* WHAT IS REQUIRED
Restate all the data word for word and omit the pictures.

* INFORMATION SHOWN
☆ ☆ ☆ ☆ ☆ ☆ ☆
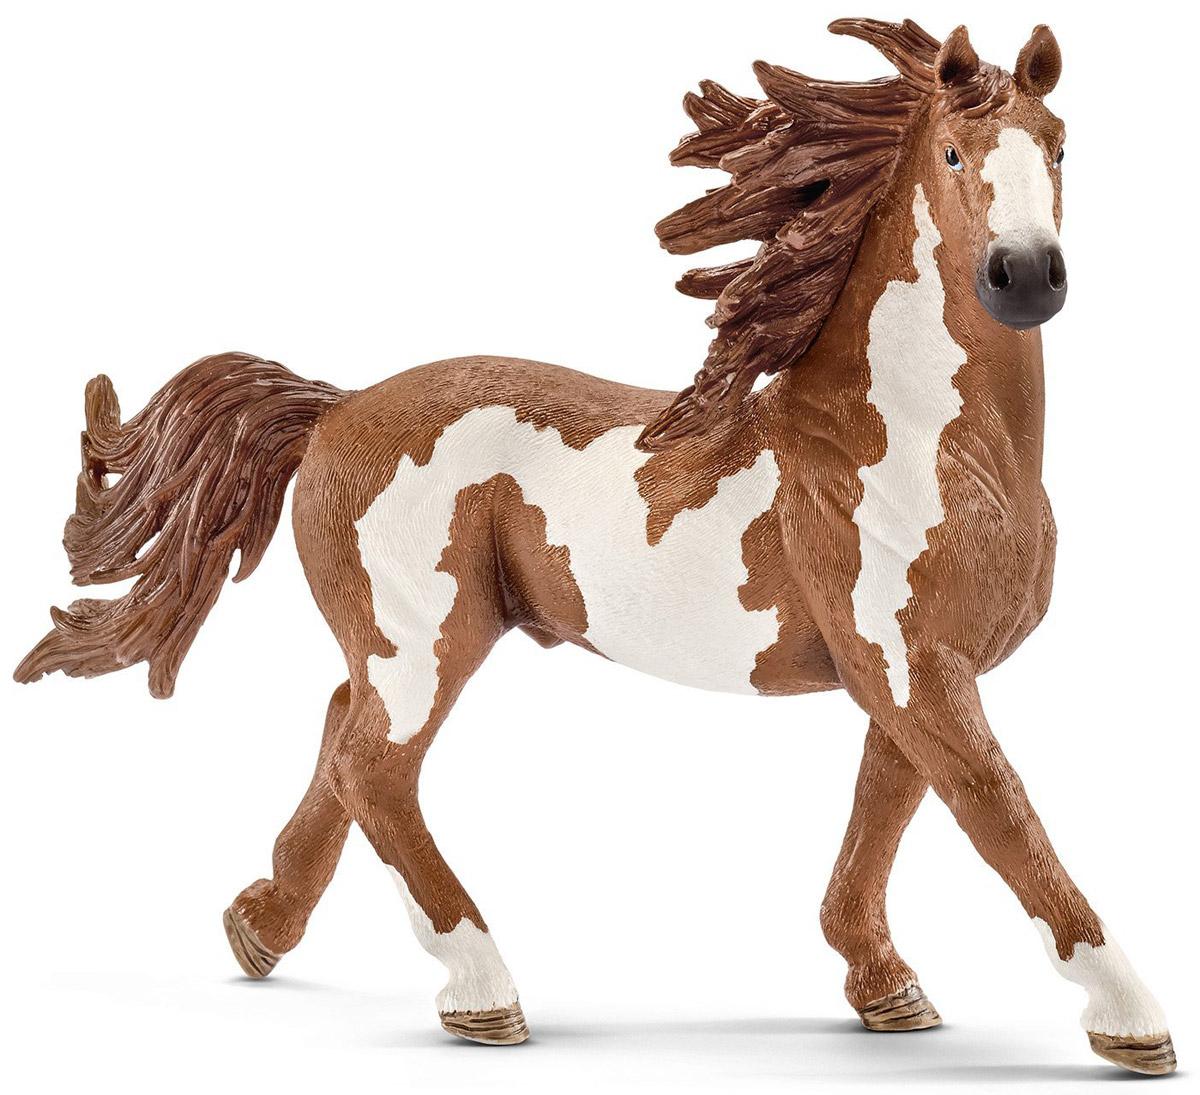 картинки фигурок лошадей породы самоед требуют
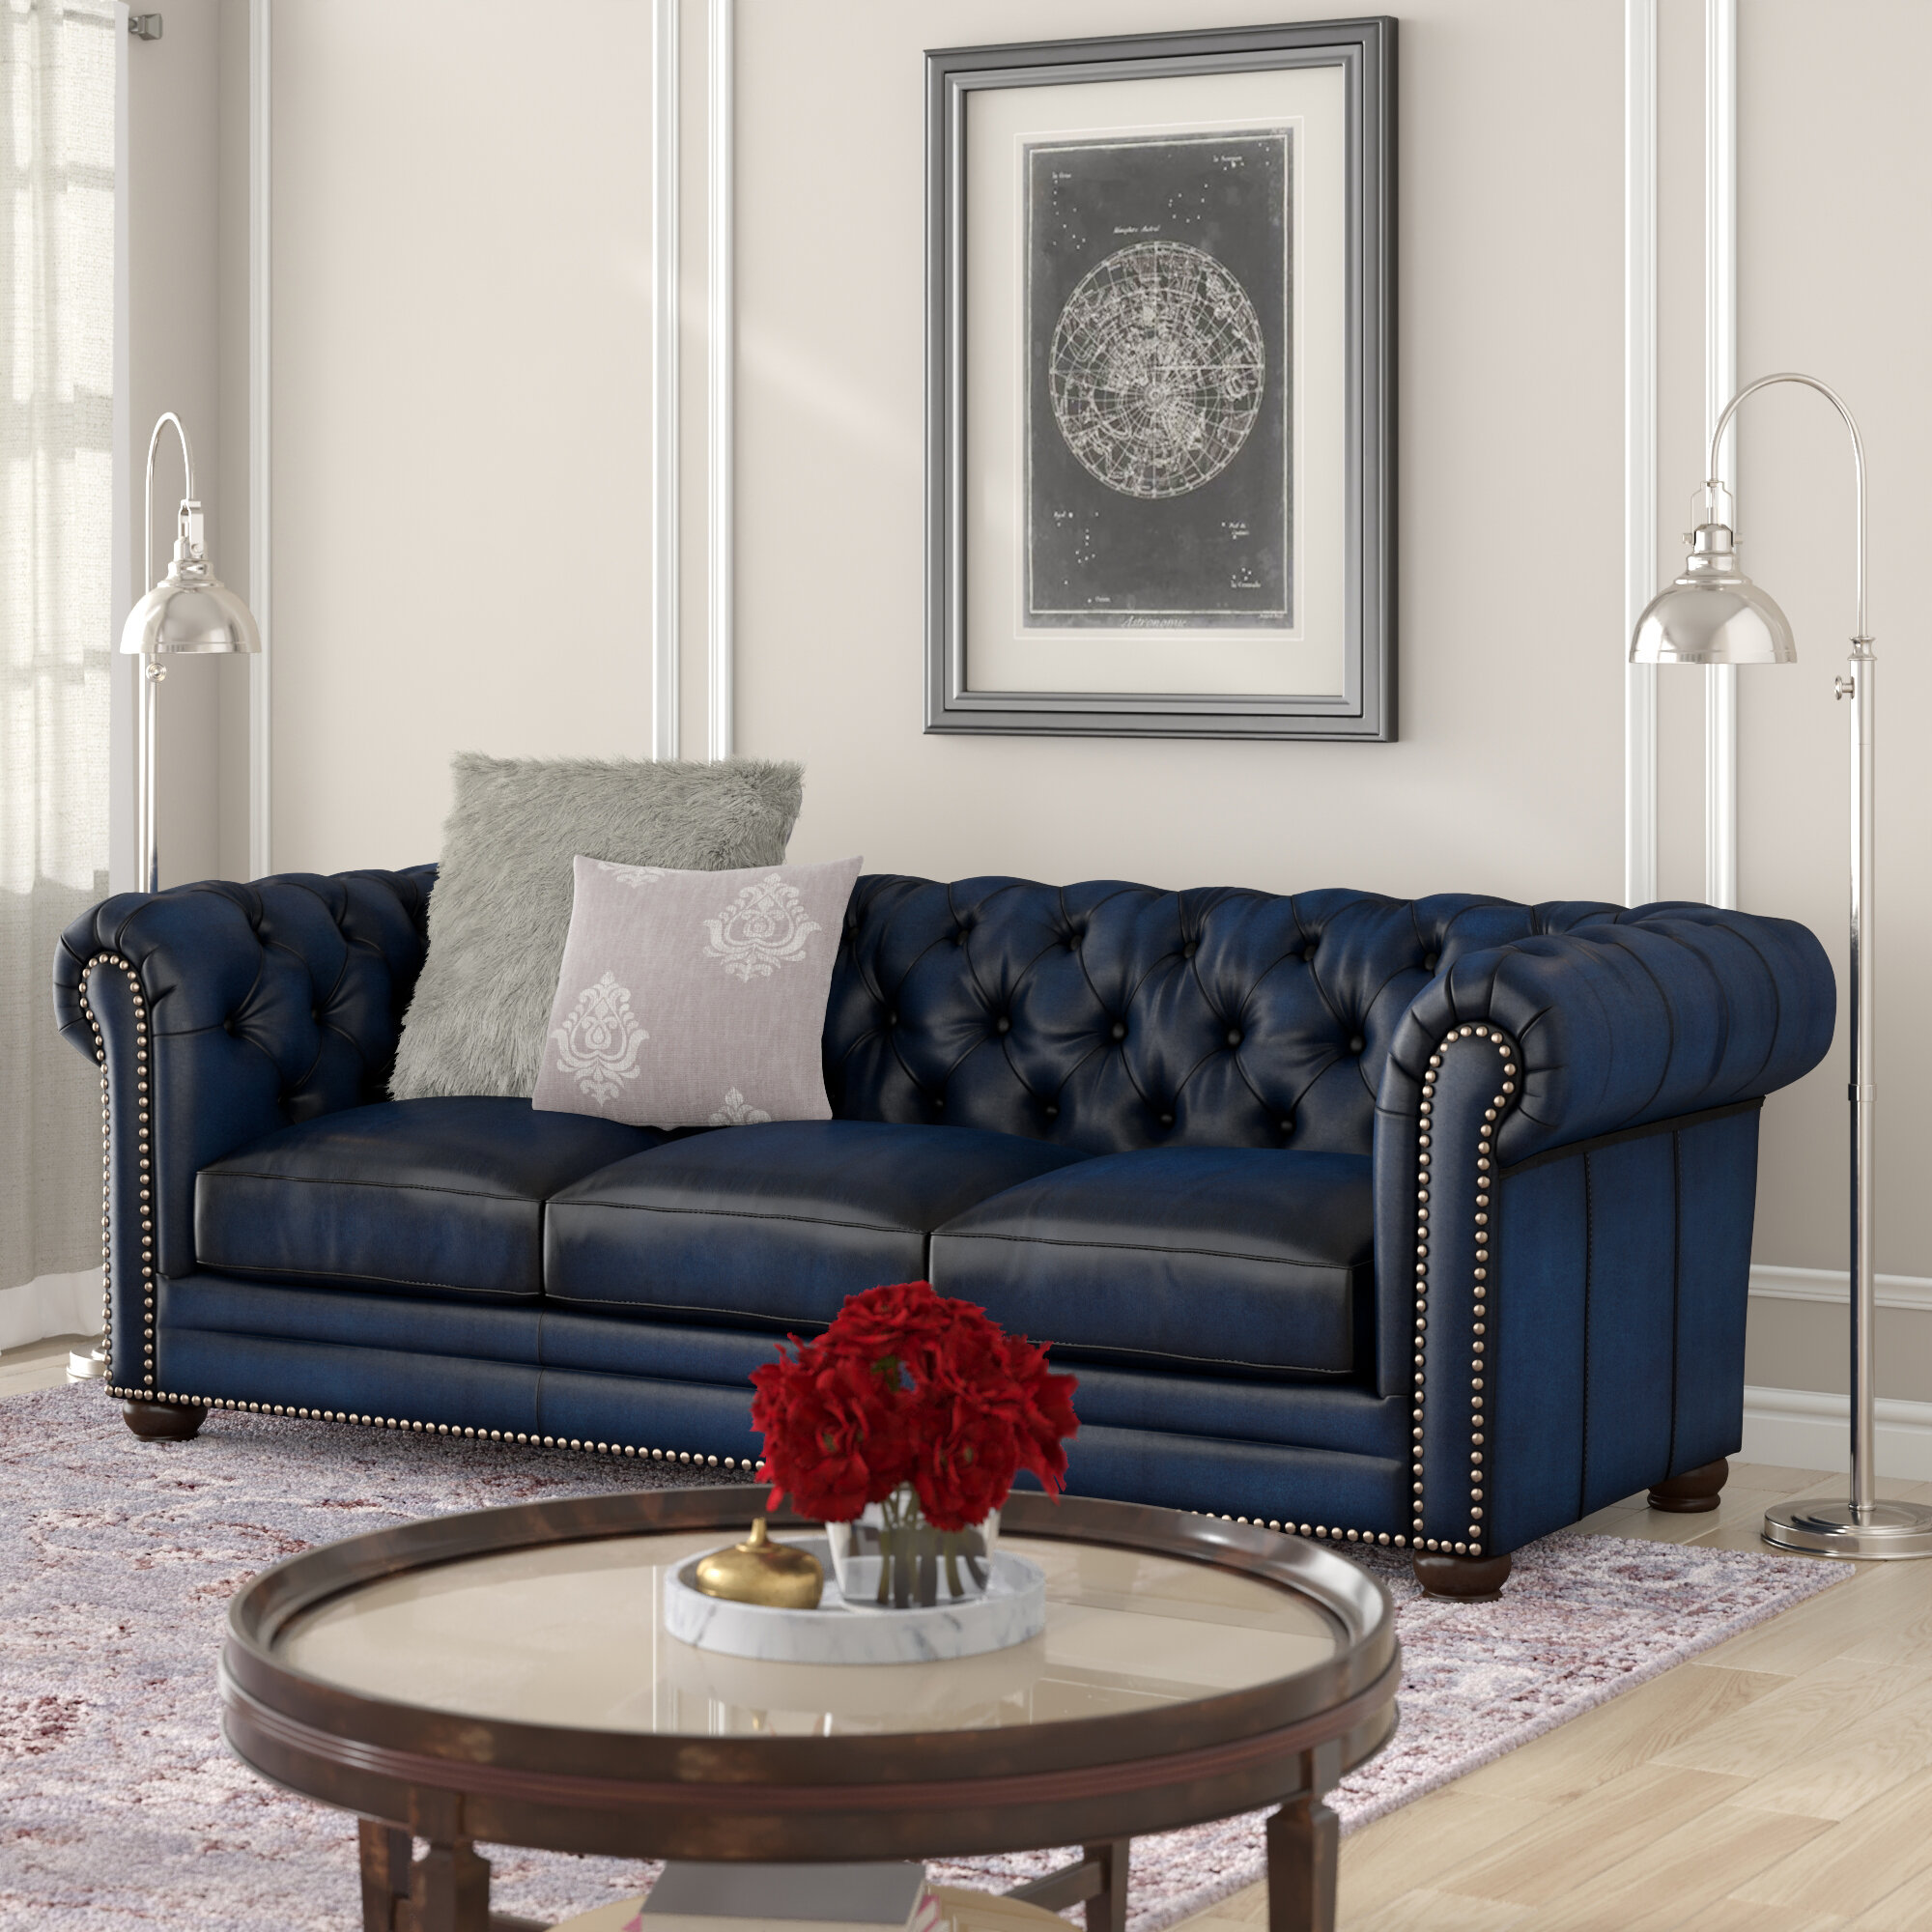 Canora Grey Kraig Genuine Leather 92 Wide Rolled Arm Chesterfield Sofa Reviews Wayfair
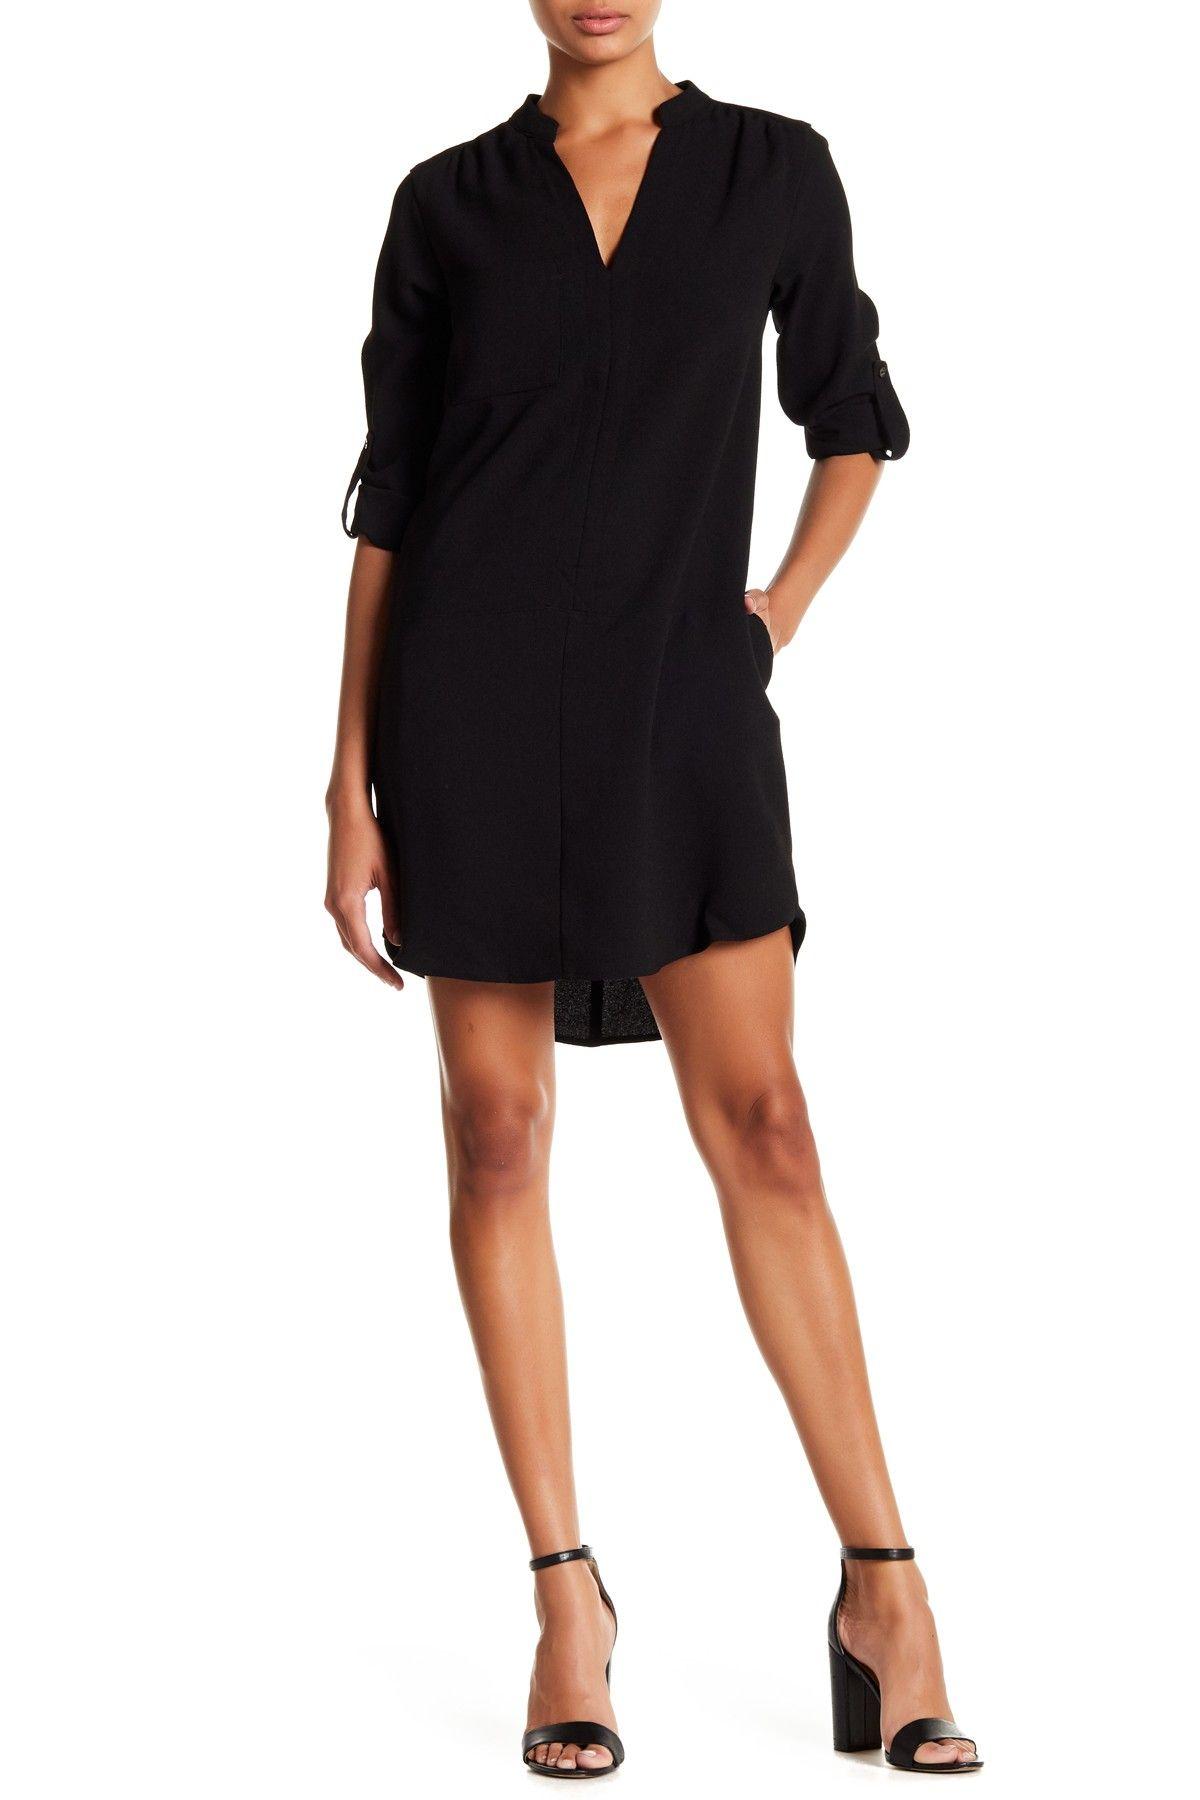 Lush Novak 3 4 Sleeve Shift Dress Nordstrom Rack In 2021 Classic Shirt Dress Shift Dress Nordstrom Dresses [ 1800 x 1200 Pixel ]
☆ ☆ ☆ ☆ ☆ ☆ ☆
* RESULT OF THIS EXERCISE
 картинки фигурок лошадей породы самоед требуют
 Canora Grey Kraig Genuine Leather 92 Wide Rolled Arm Chesterfield Sofa Reviews Wayfair
 Lush Novak 3 4 Sleeve Shift Dress Nordstrom Rack In 2021 Classic Shirt Dress Shift Dress Nordstrom Dresses [ 1800 x 1200 Pixel ]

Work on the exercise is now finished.